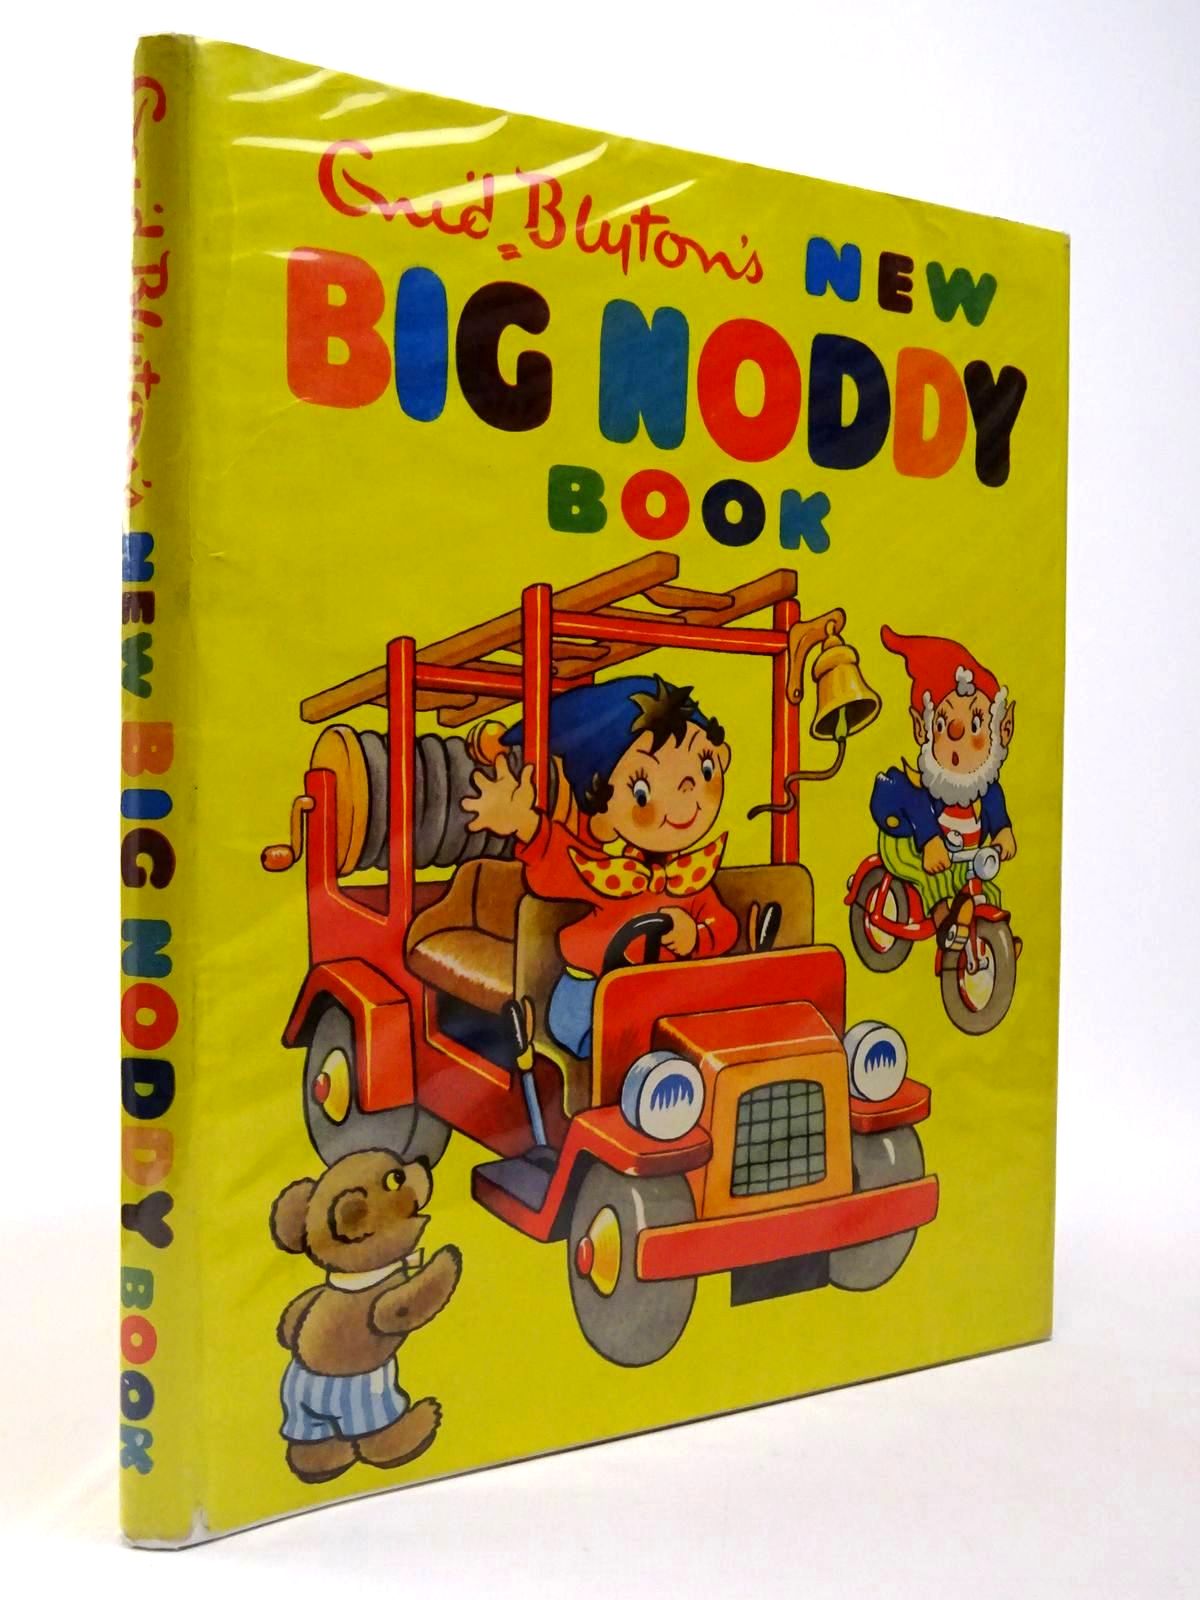 Cover of THE NEW BIG NODDY BOOK by Enid Blyton
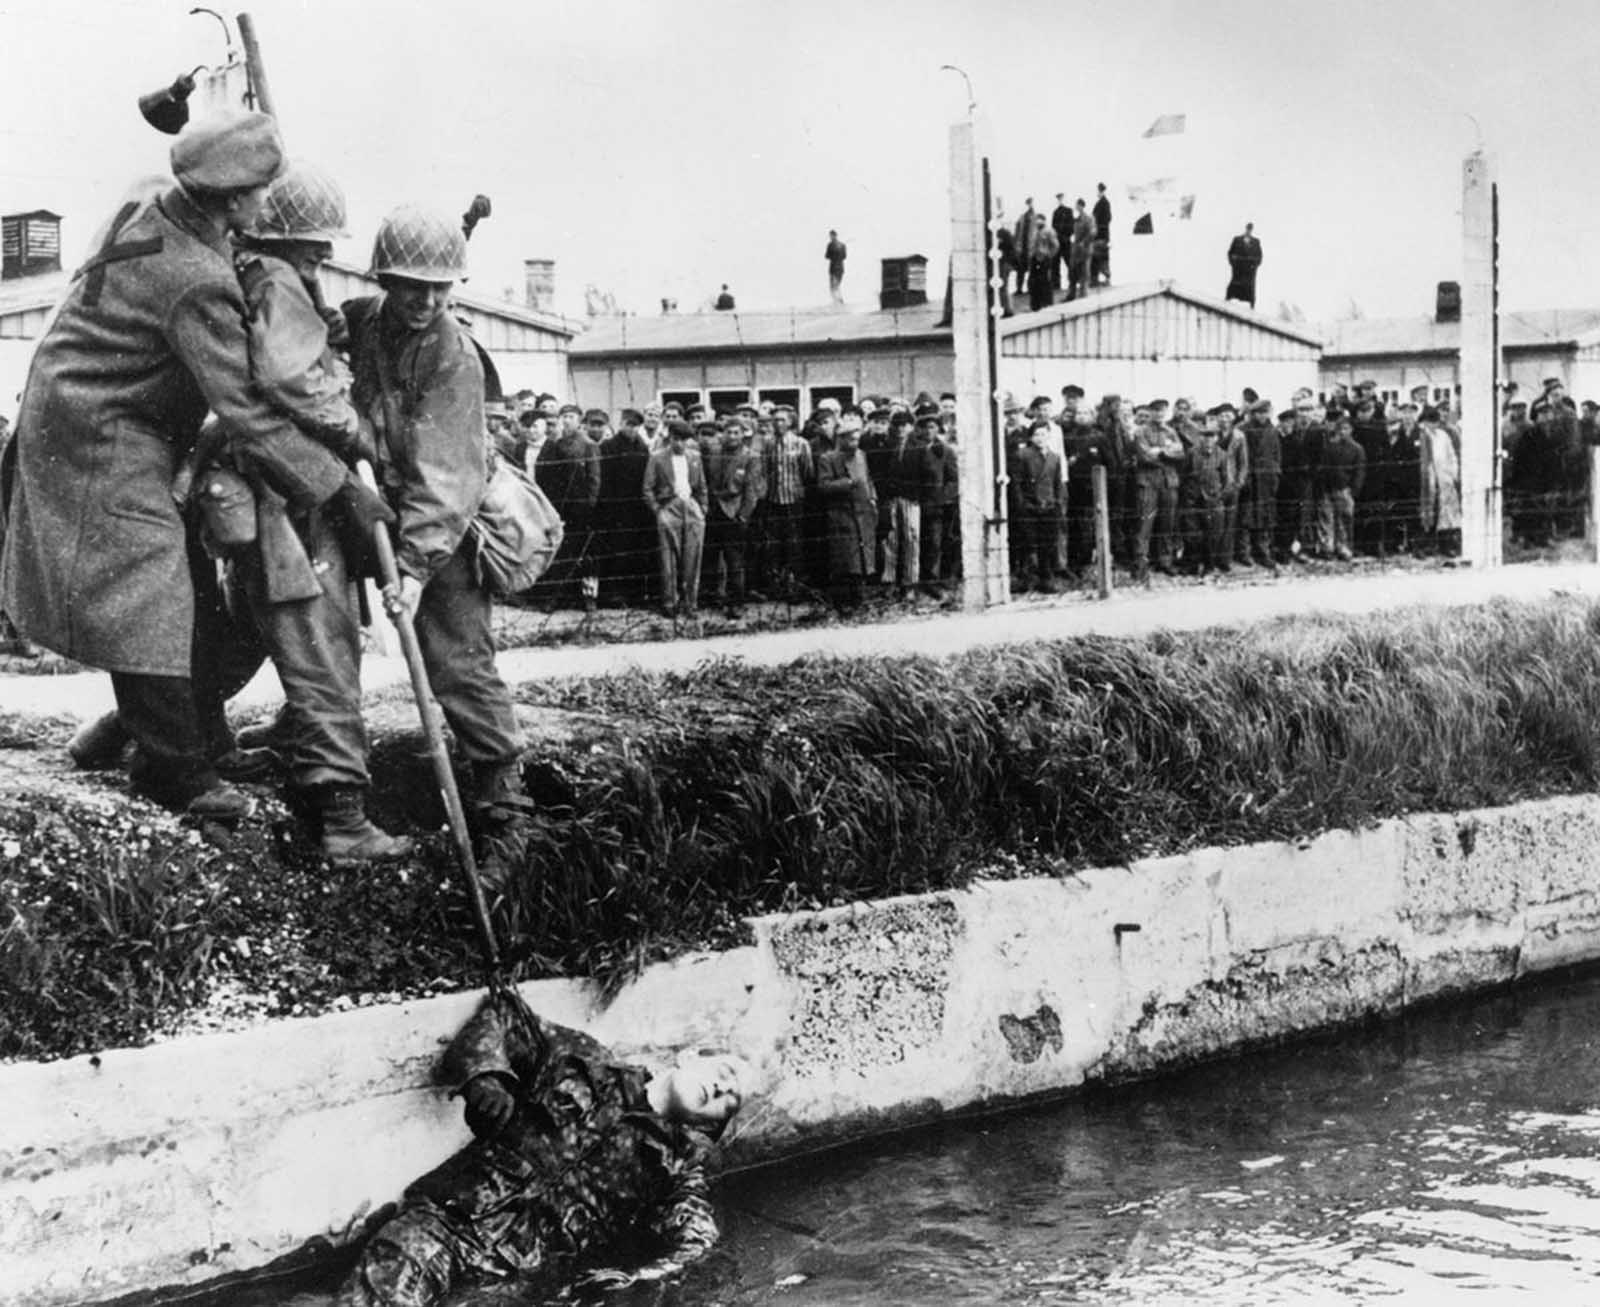 When American troops liberated prisoners in the Dachau concentration camp, Germany, in 1945, many German SS guards were killed by the prisoners who then threw their bodies into the moat surrounding the camp.
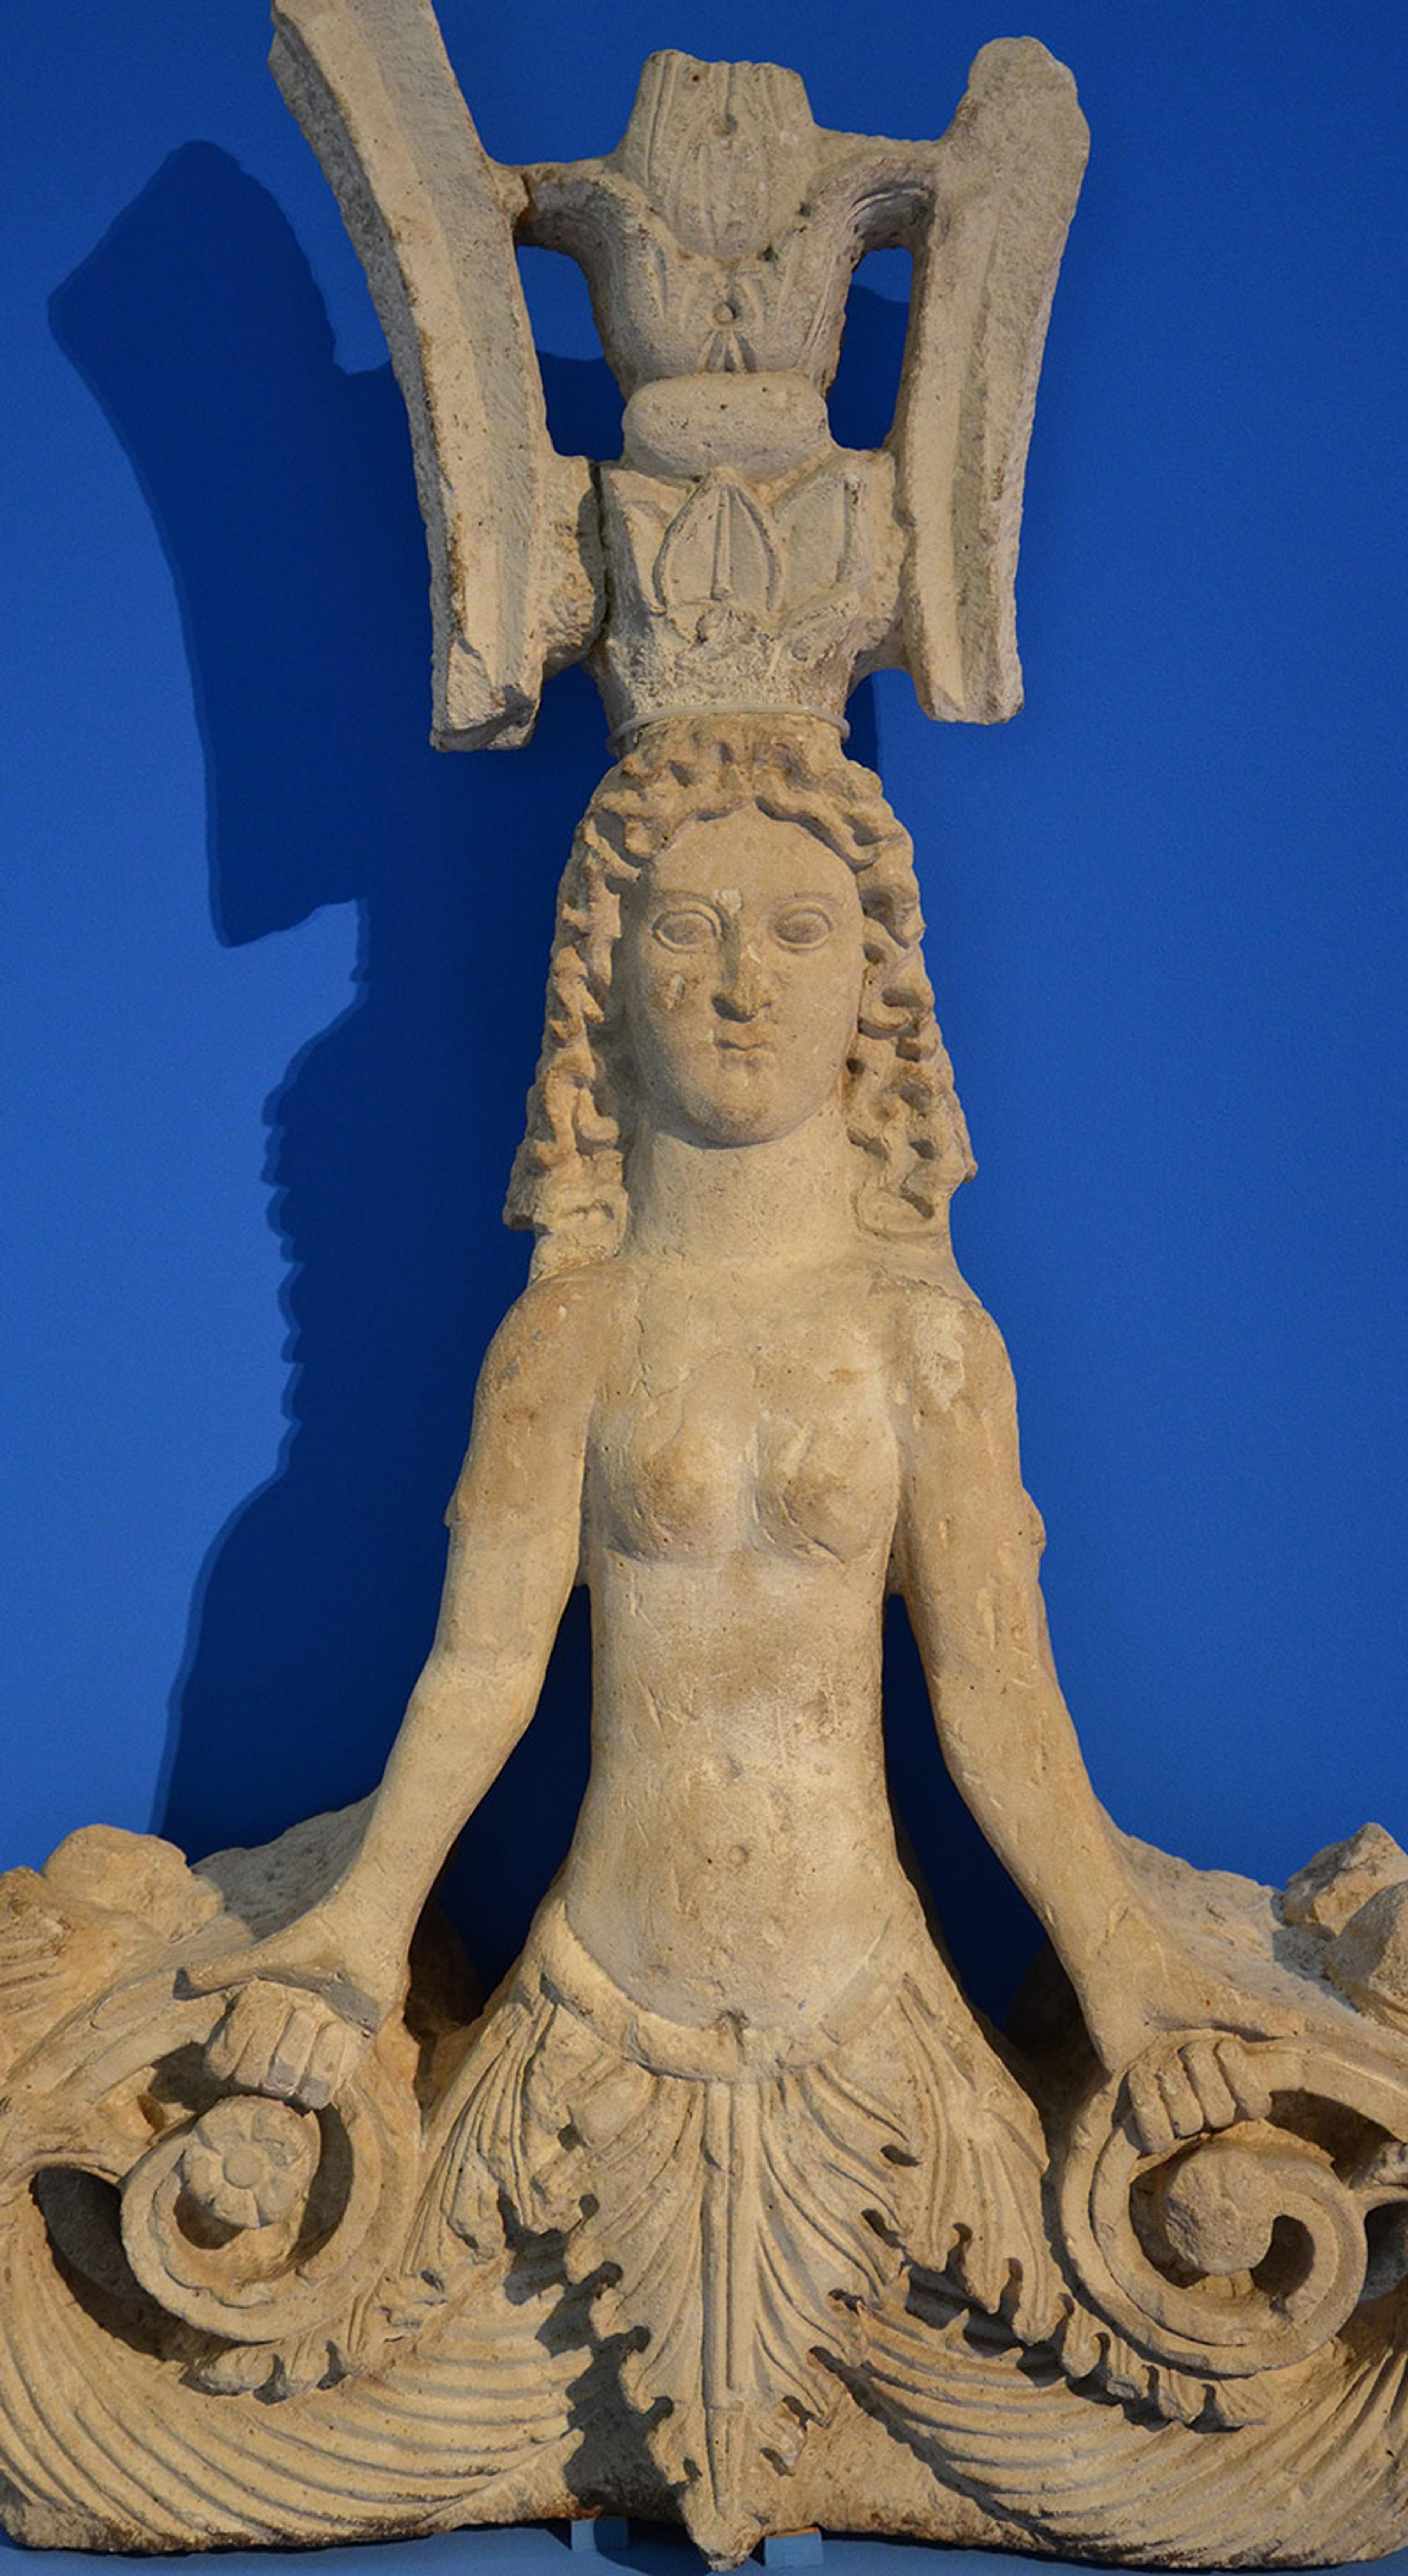 A snake goddess statue in stone. She is bare chested, faces forward and wears an elaborate headdress
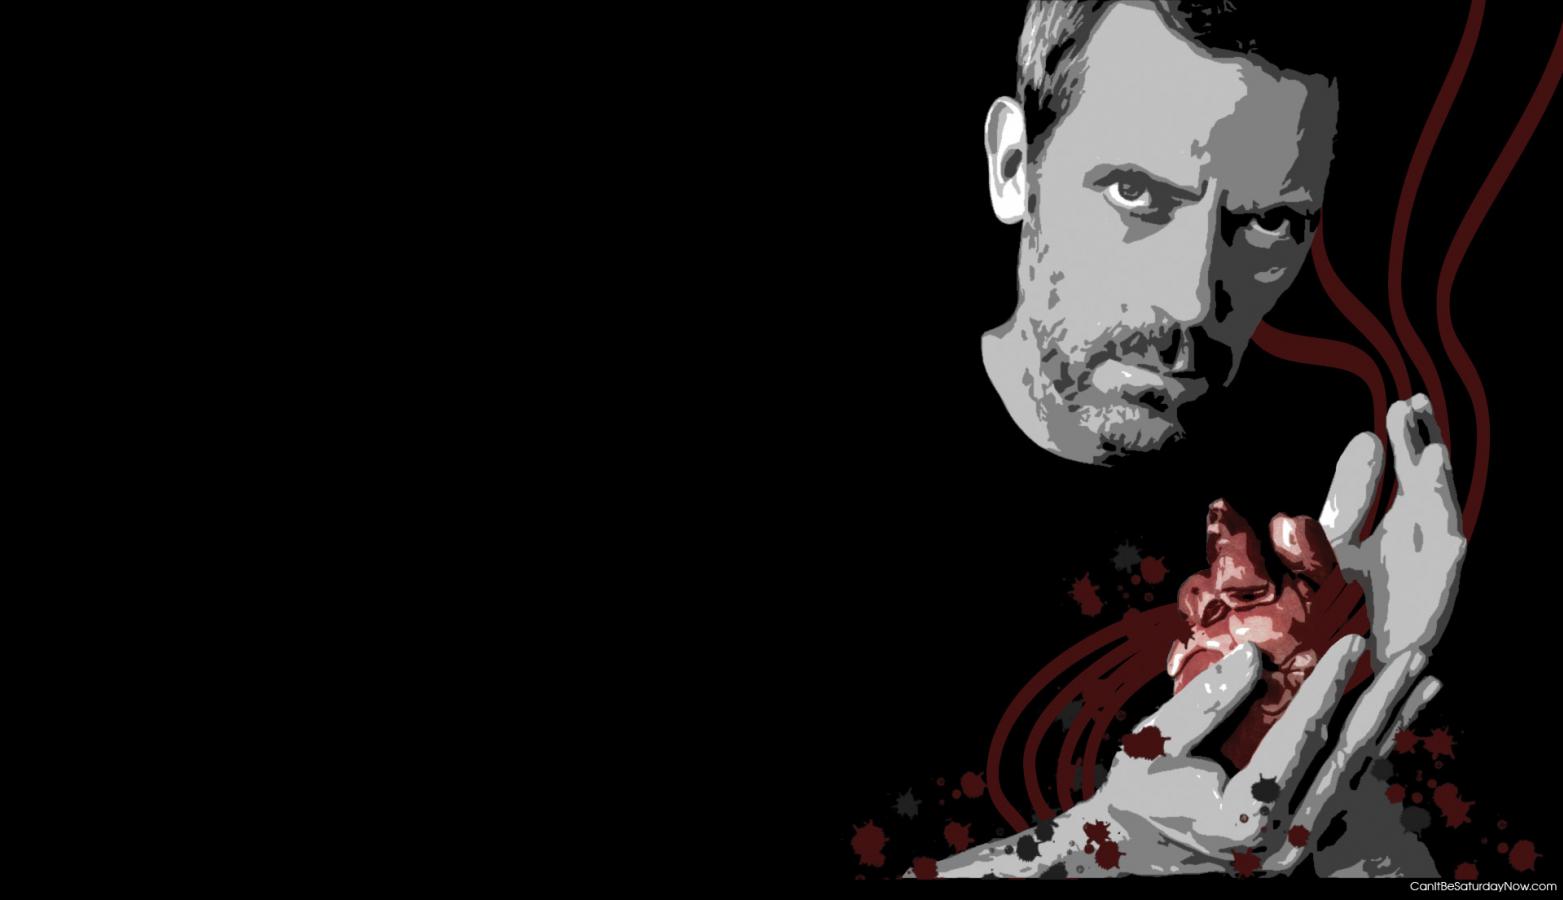 House hart - Dr house has your heart

■ **ABOUT THIS EXERCISE**
The output must match, line for line, the span from the line containing "A snake goddess" through the end of the data, with the pictures removed.

■ **FINAL ANSWER**
 A snake goddess statue in stone. She is bare chested, faces forward and wears an elaborate headdress
 House hart - Dr house has your heart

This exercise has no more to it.